*** Extracted entries ***

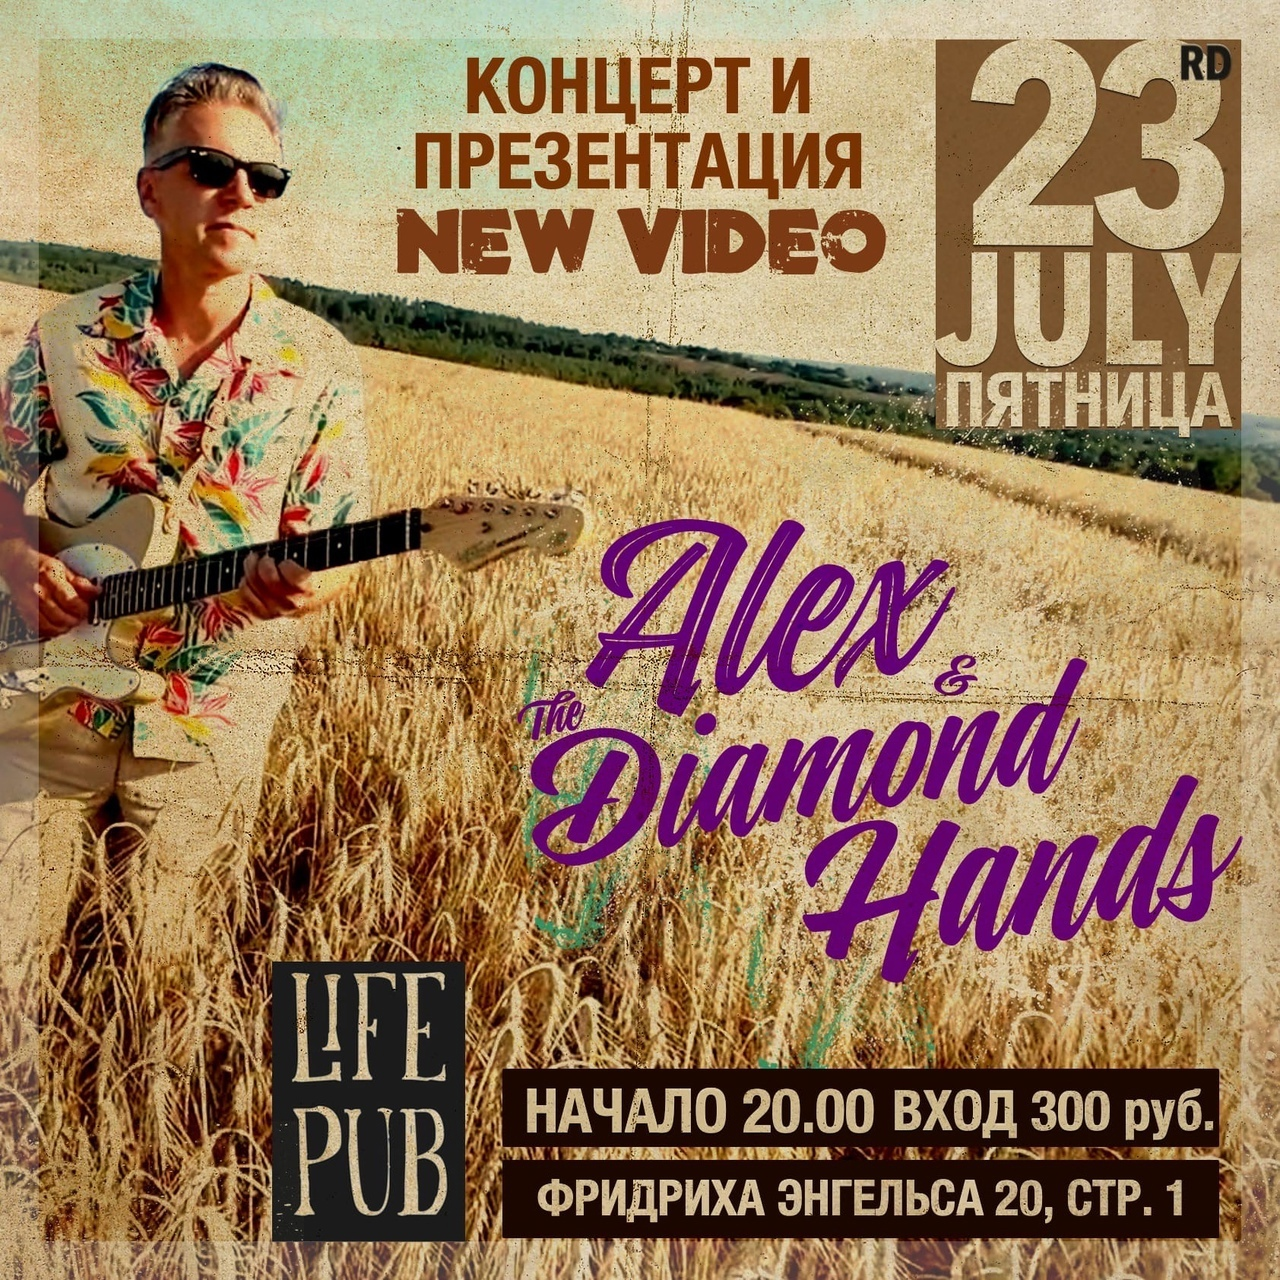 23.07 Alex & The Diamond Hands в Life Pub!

*** End of Extracted entries ***
*** Extracted entries ***

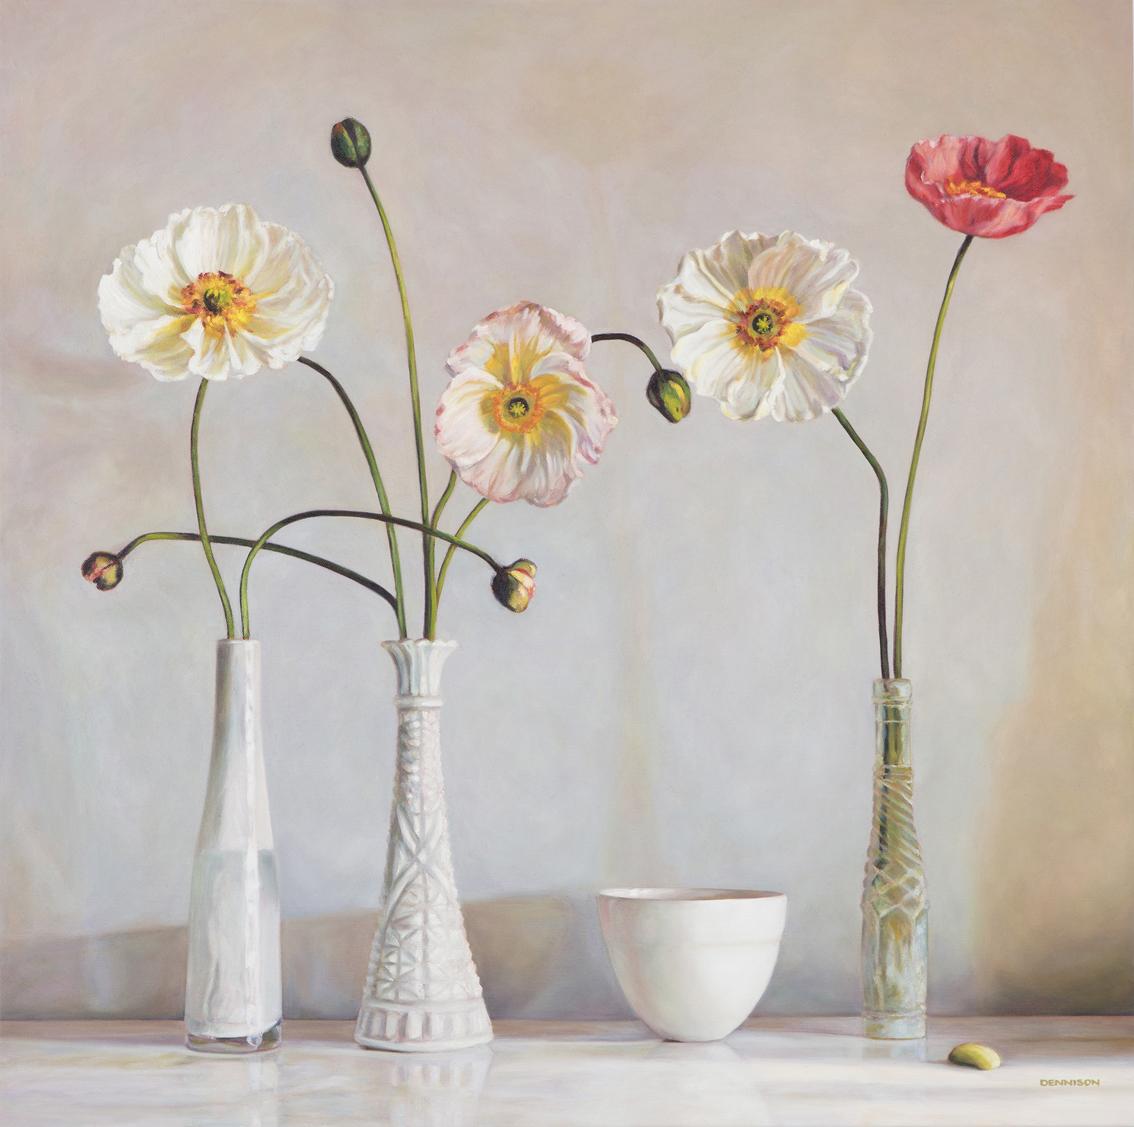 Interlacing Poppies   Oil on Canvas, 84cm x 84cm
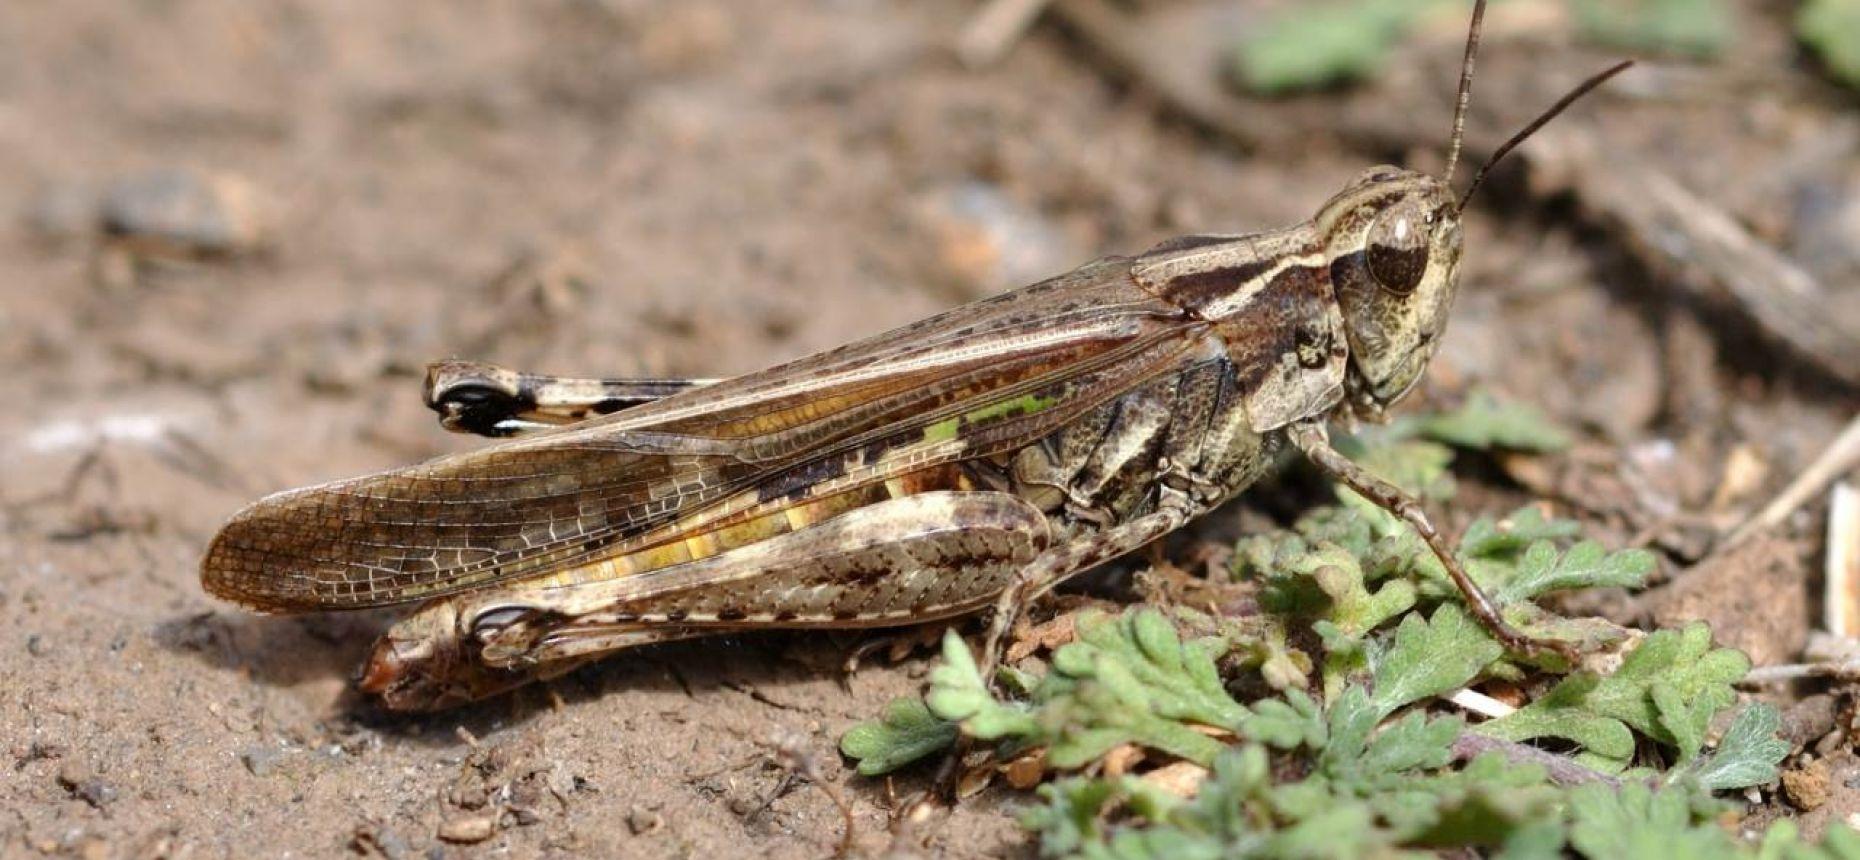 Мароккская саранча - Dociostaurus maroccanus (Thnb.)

*** End of Extracted entries ***

__Task item__
Output exactly the stretch of the listing that begins at the line containing "84cm x 84cm" and ends at the line containing "Мароккская саранча - Dociostaurus", both kept. Omit pictures and everything else.

__Answer box__
 Interlacing Poppies   Oil on Canvas, 84cm x 84cm
 Мароккская саранча - Dociostaurus maroccanus (Thnb.)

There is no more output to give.